No these are the main/leading 16S databases out there. UNITE is for fungal ITS. Greengenes was last updated 9 years ago (some annotations are out-of-date) and even many of the reference sequences are not annotated at species level, specifically because of the issue of low resolution of the 16S (i.e., in greengenes if the 16S sequence is identical or nearly matching between 2 species, the species annotation is removed).

There is really no way to escape the fact that short variable regions of the 16S have limited resolving power.

Yes, either by inputting a regular expression (regex) to edit based on pattern matching, or you can input a "replacement map" TSV file containing as many edits as you want to perform in a single pass. See the help docs (qiime rescript edit-taxonomy --help) for more details.

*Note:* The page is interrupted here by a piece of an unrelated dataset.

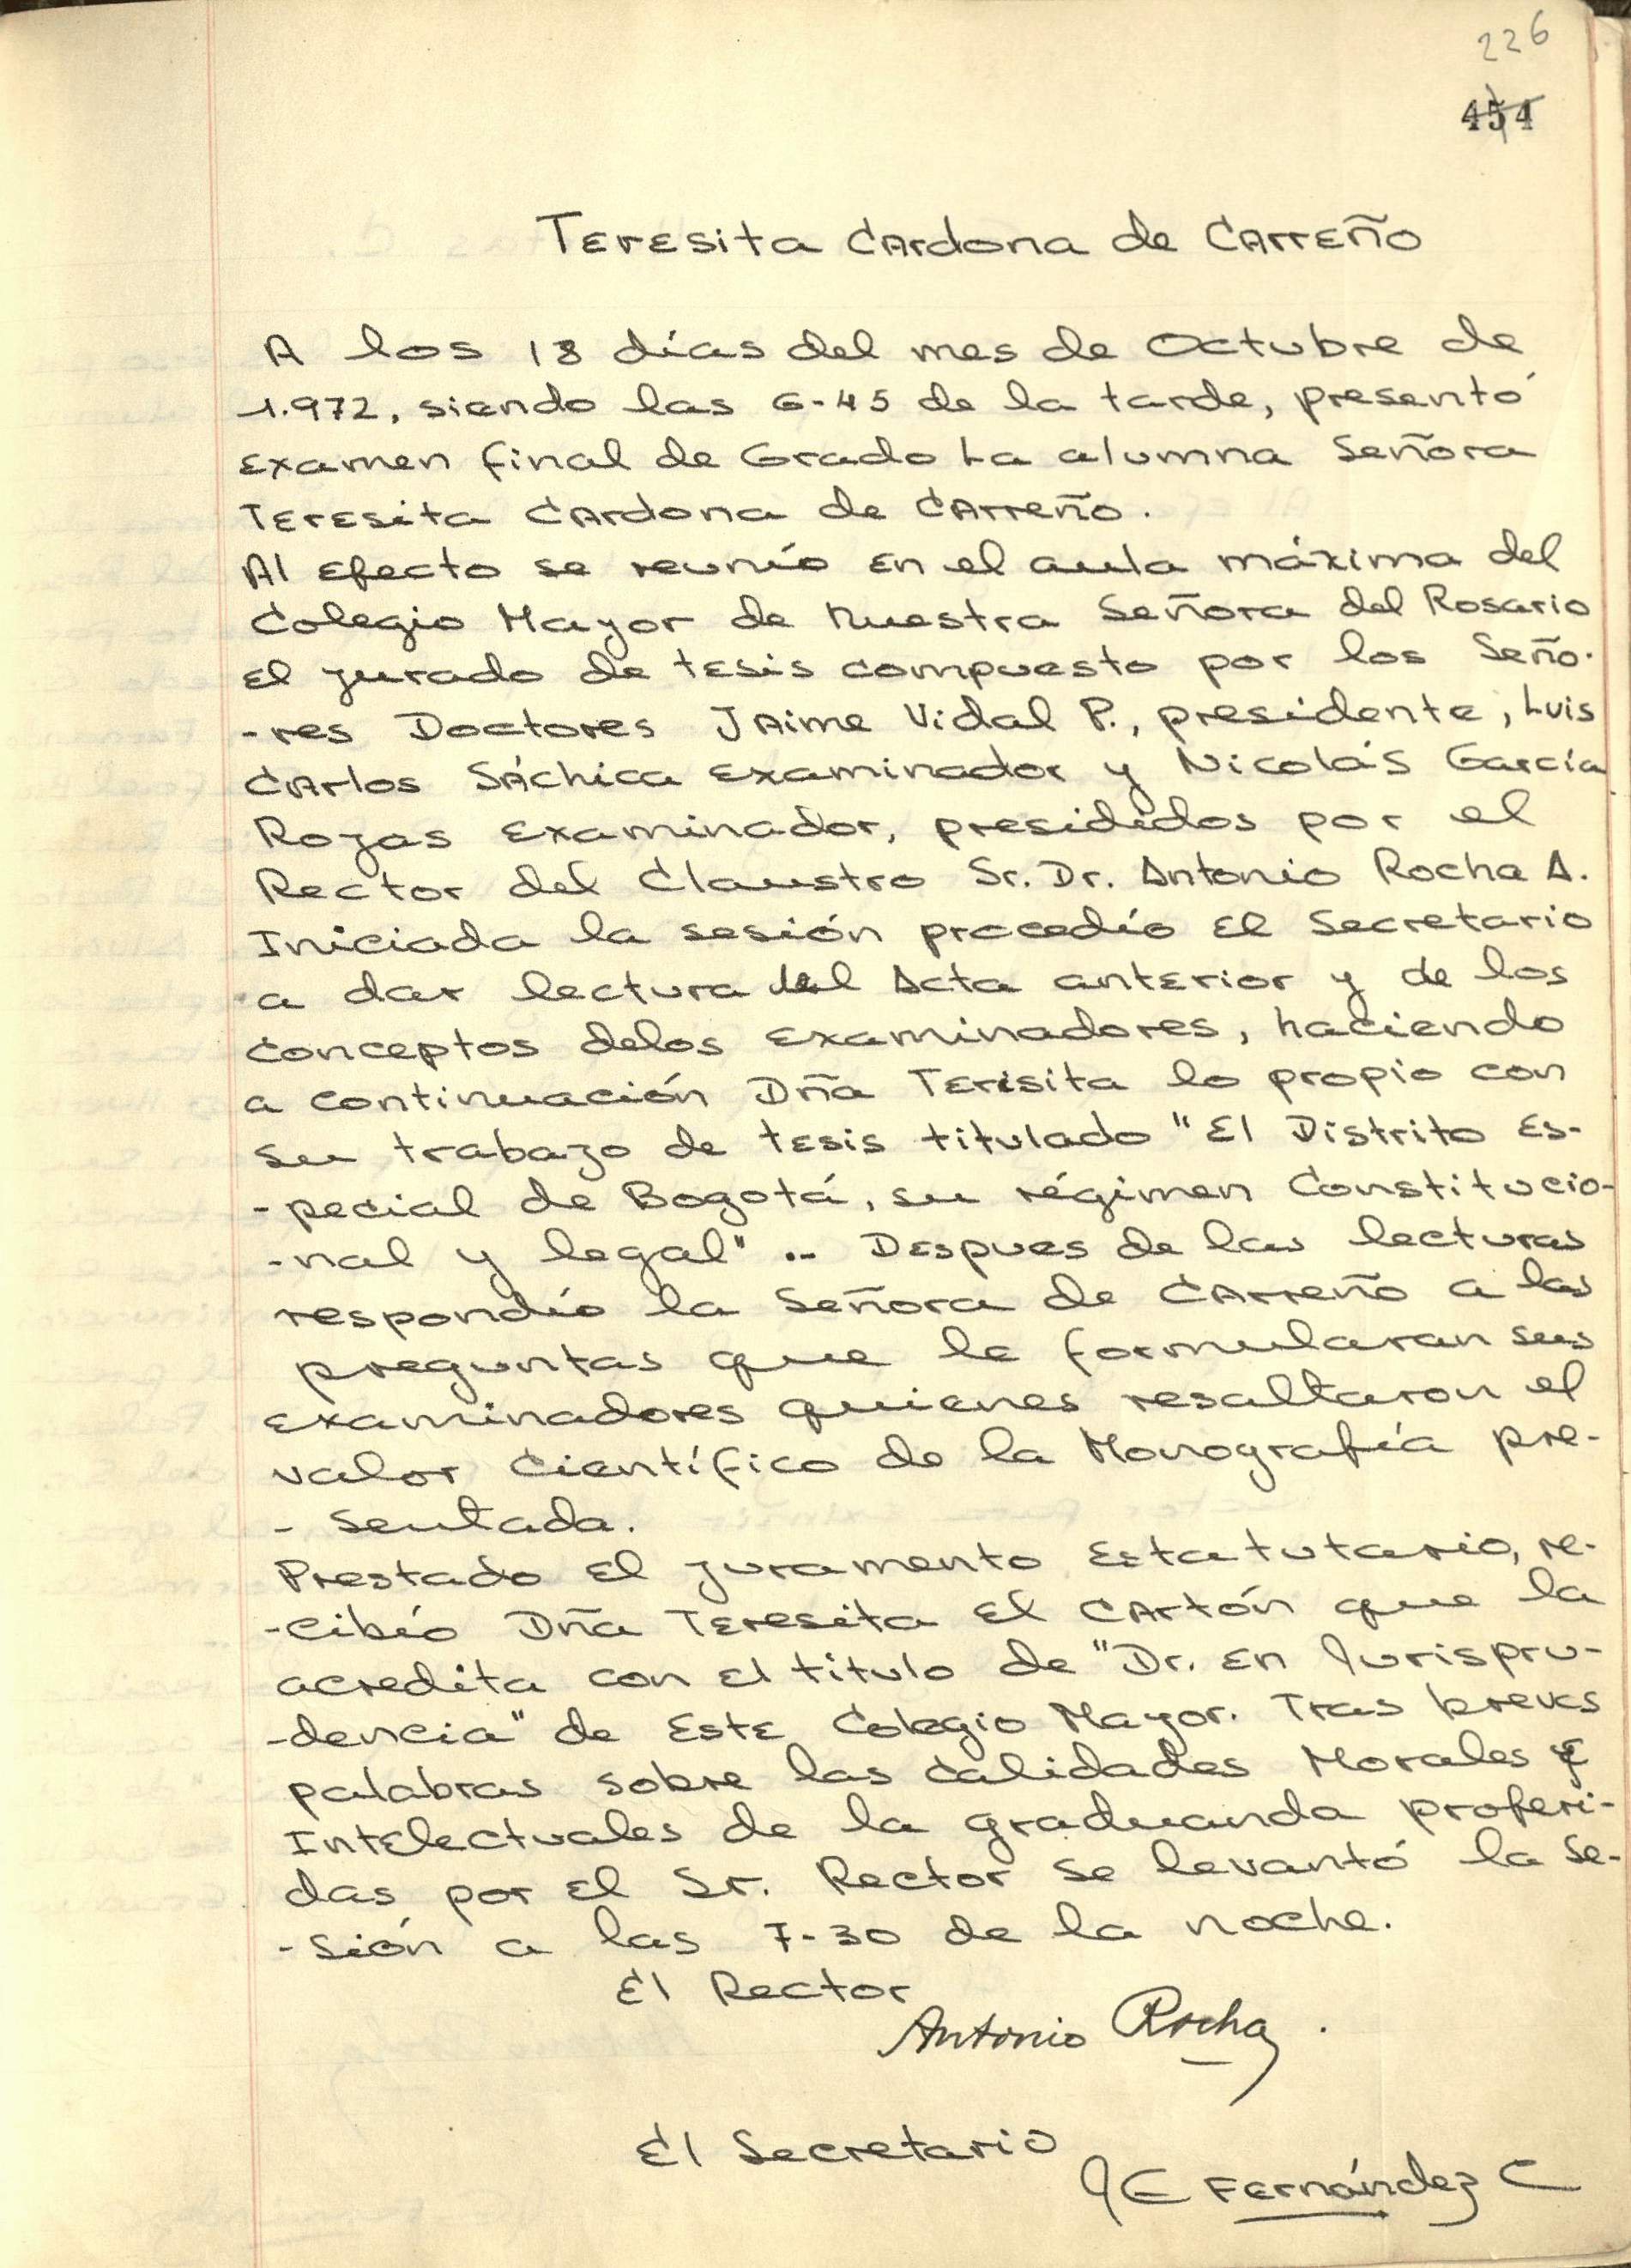 Acta de grado de Teresita Cardona, 1972. AHUR, Volumen 785, folio 226 recto.

Yeah I would recommend against this approach, since it makes some assumptions that can lead to some potentially invalid results (e.g., it assumes that HMP is representative of all human populations; also, contaminants that are not usually found in humans could map to related species that are found in humans).

You might want to check out this paper that I linked to above. This would allow you to weight the classification of microbes already found in humans, without ruling out the possibility of contaminants or surprises.

Good luck!


Hi, @Nicholas_Bokulich Thank you for answer

I mean probably someone already constrcucted such TSV "replacement map"? Because it seems not very fast task to manually create such file from beginning. Because there could be a lot of issues. It would be very helpful at least if such file would be just a hint how most of cases could be solved.

I'm not sure that I correctly got it. My task is in taking from taxonomy (for example GTDB) only such species which could met in human biome. So I need the rule how I could correctly get that subset from GTDB. You suggested to weight human bacteria but I need list of such bacteria to know what to weight. Or Maybe you meant that I need to weight bacteria successfully mapped on HMP with "good" weight and rest with "bad" weight ?

I am not aware of any such document. This would be highly customized and person/project specific.

I suggest reading that paper and the associated "clawback" tutorial on this forum for more details on how to do this, if this is something that you want to try.

Subsetting only specific taxa, or manually specifying these weights is NOT something that I would recommend. So follow the tutorial to see how this can be done for different sample types.